И еще ниже, ниже ещё нахлобучил козырёк посыльщик мысленный Ваня-дурачок, певший и игравший моей душе, будто не хотел выдавать чуть повыгоревшую с виду синь своих очей, и она осела во мне, утихла, улеглась, очеловечив навсегда закраину неба, к которому я потом шел и шел столько лет по сельским дорогам, по русской земле. А два теремка сказочных на околице всё выгорали серебром, серели в оголевшем поле, где в пургу не продохнуть, и пропали в снежной невиди – будто обратно возвратились эти житницы со словесным семенем в чуть выгоревшую с виду синь русского неба, в сказку и песню: к своему хозяину.

Куда девалась и деревня Погорелки с просторным картофельником!.. Лишь просыпавшимся словесным семенем зыбко отметила её след одна въедливая частушка из тех лет. Не шуми, машинка, в поле, не расстраивай меня! Ты сама, машинка в поле, как чужая сторона!..

Котёнок

Идём с матерью домой проулком. В руках у меня маленький котёнок: на ладони умещается, с понятливой, ласковой мордочкой. Вдруг набежали собаки, котёнок забеспокоился. А мать говорит: «Смотри!»

Тут сворот на нашу улицу, к дому, а у дома Адовой, угольного, поперек дороги глубокая траншея с глинистой водой. Мать оступилась, сползла в траншею. Я не могу её вытащить – котёнок в руках.
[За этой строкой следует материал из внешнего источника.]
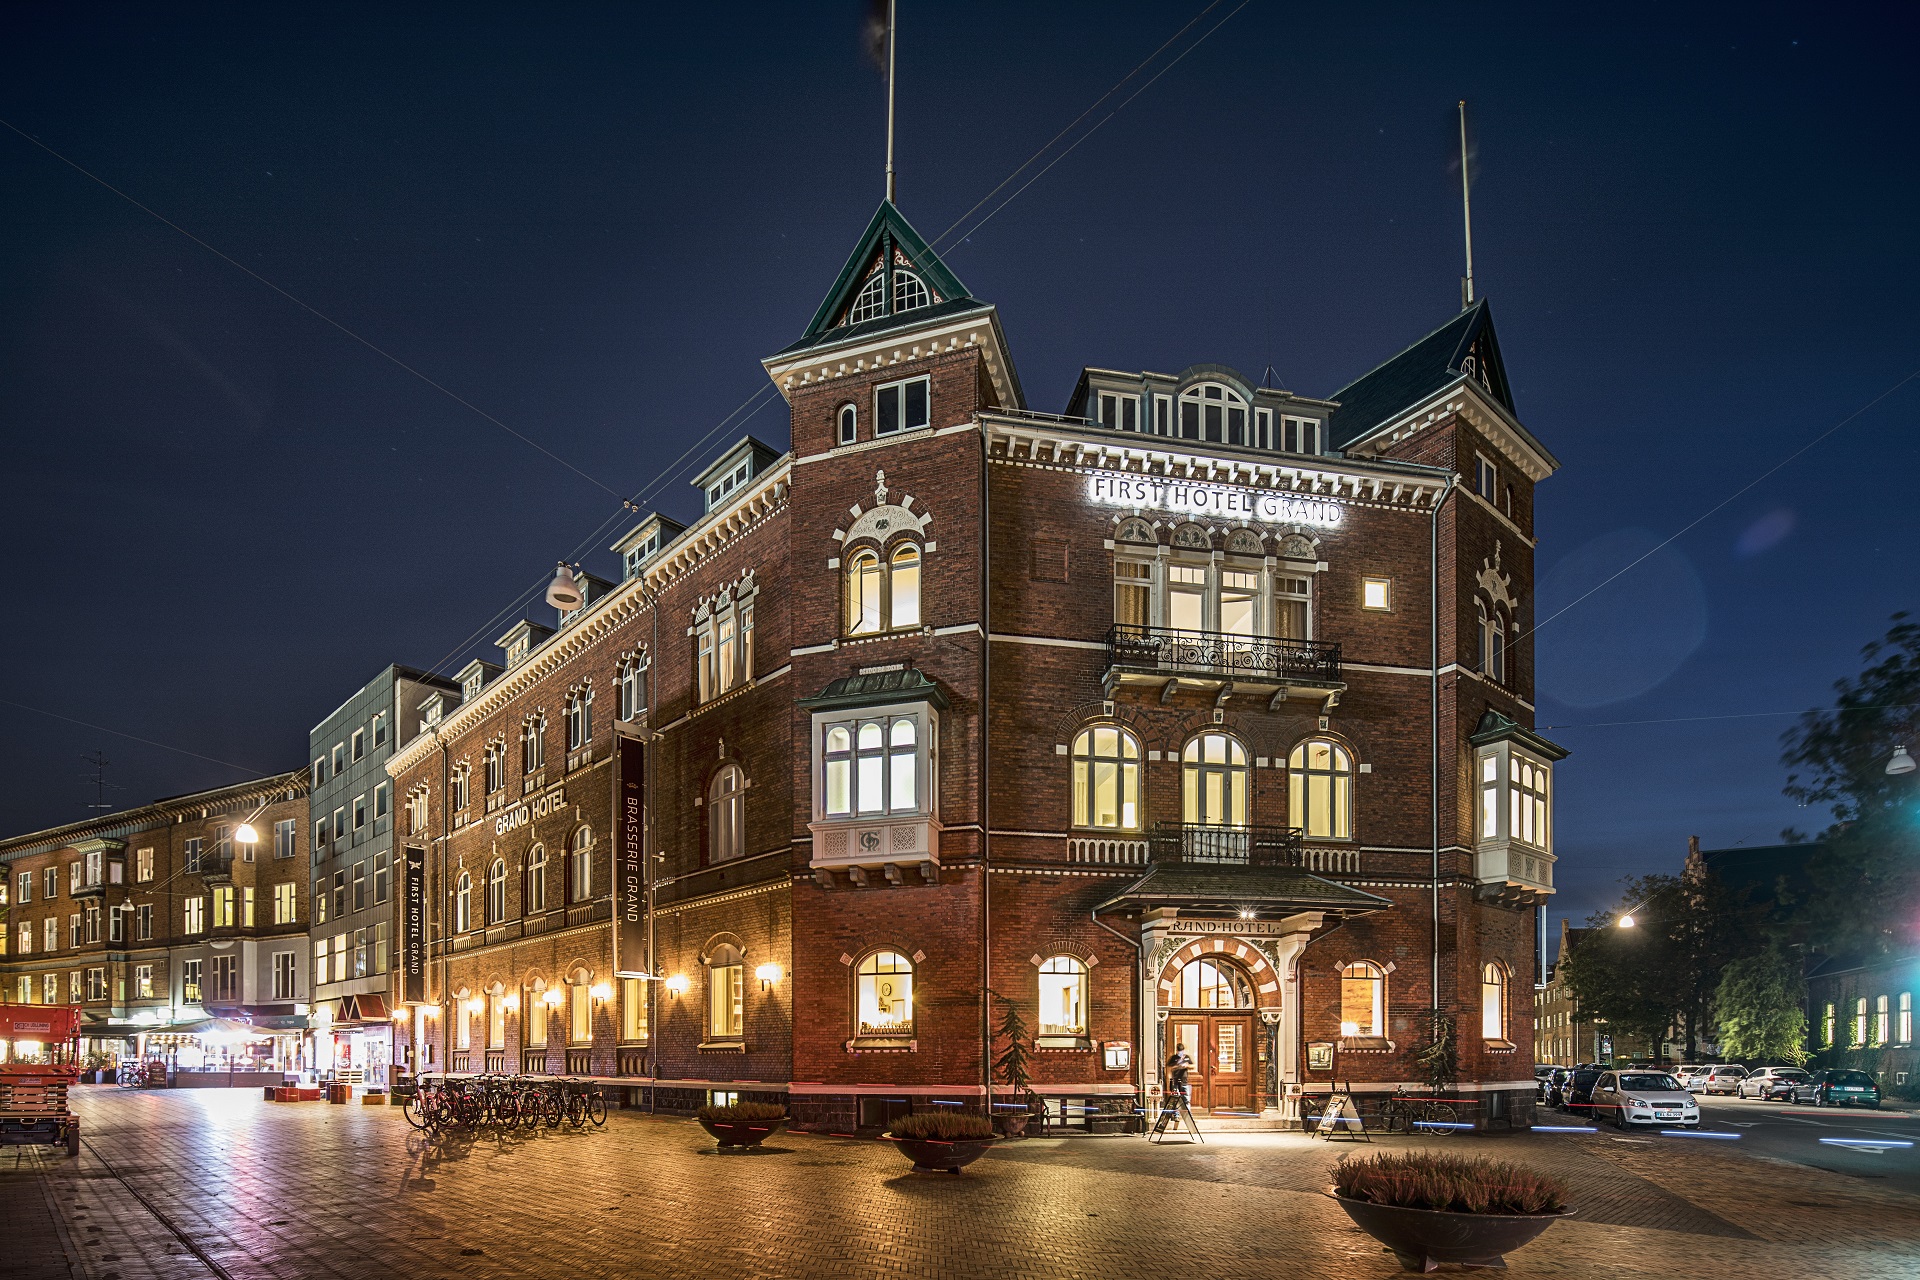 First Hotel Grand | Golf i Odense

Стоит на той стороне машина с подъемным краном. Водитель – длинный, чернявый, злой. Вытаскивает мать. Она по пояс была в воде, завязла, пальто осталось в траншее. Он пьяный: просит у матери денег. Она не даёт. Минуя траншею, проходим к нашему дому, задами, огородами соседей Адовой и Клушиных. Тогда пьяный водитель садится в машину, подъезжает к нашему дому и стрелой начинает срывать железо с крыши. Выбегают из дому, с нижнего этажа, несколько человек молодых, черных, и все с ножами; и в луже лежат ножи; и около пьяного уже собралось трое заступников. И у меня нож.

Я встал против пьяного, и страх, и злоба; и боюсь резаться… Посмотрел, а в руке у меня котёнок-то – мёртвый: одна тушка плоская. Задушил нечаянно, пока по-боевому против пьяного стоял. Я дую котёнку в нос и рот – плачу… «Ты виноват! – кричу пьяному. – От тебя исходят тёмные лучи!..»

– Я, что ли, задушил? Я? – кричит злобно он…

– Все виноваты… и я виноват, – говорю я. Трусливо уже, лживо.

Вокруг все с ножами, резня так ещё и не началась. Я в слезах: вспоминаю мордочку котёнка, понятливую, ласковую… Отец почему же из дома не выбежал?..

Да ведь он умер!..

…Это только во сне я забыл, перестал знать про смерть отца, и только во снах бывает такая траншея, и крыша, и случай с котёнком, но разве это (пробуждение) объясняет, что такое смерть и что такое сон? и почему сон – смерти свой или брат, как говорит пословица…

Дорога

Дороженька дальняя, дальняя, раскатистая, раскаты широкие, ухабы глубокие. Если бы встала, до неба достала, если бы был язык – всё бы рассказала…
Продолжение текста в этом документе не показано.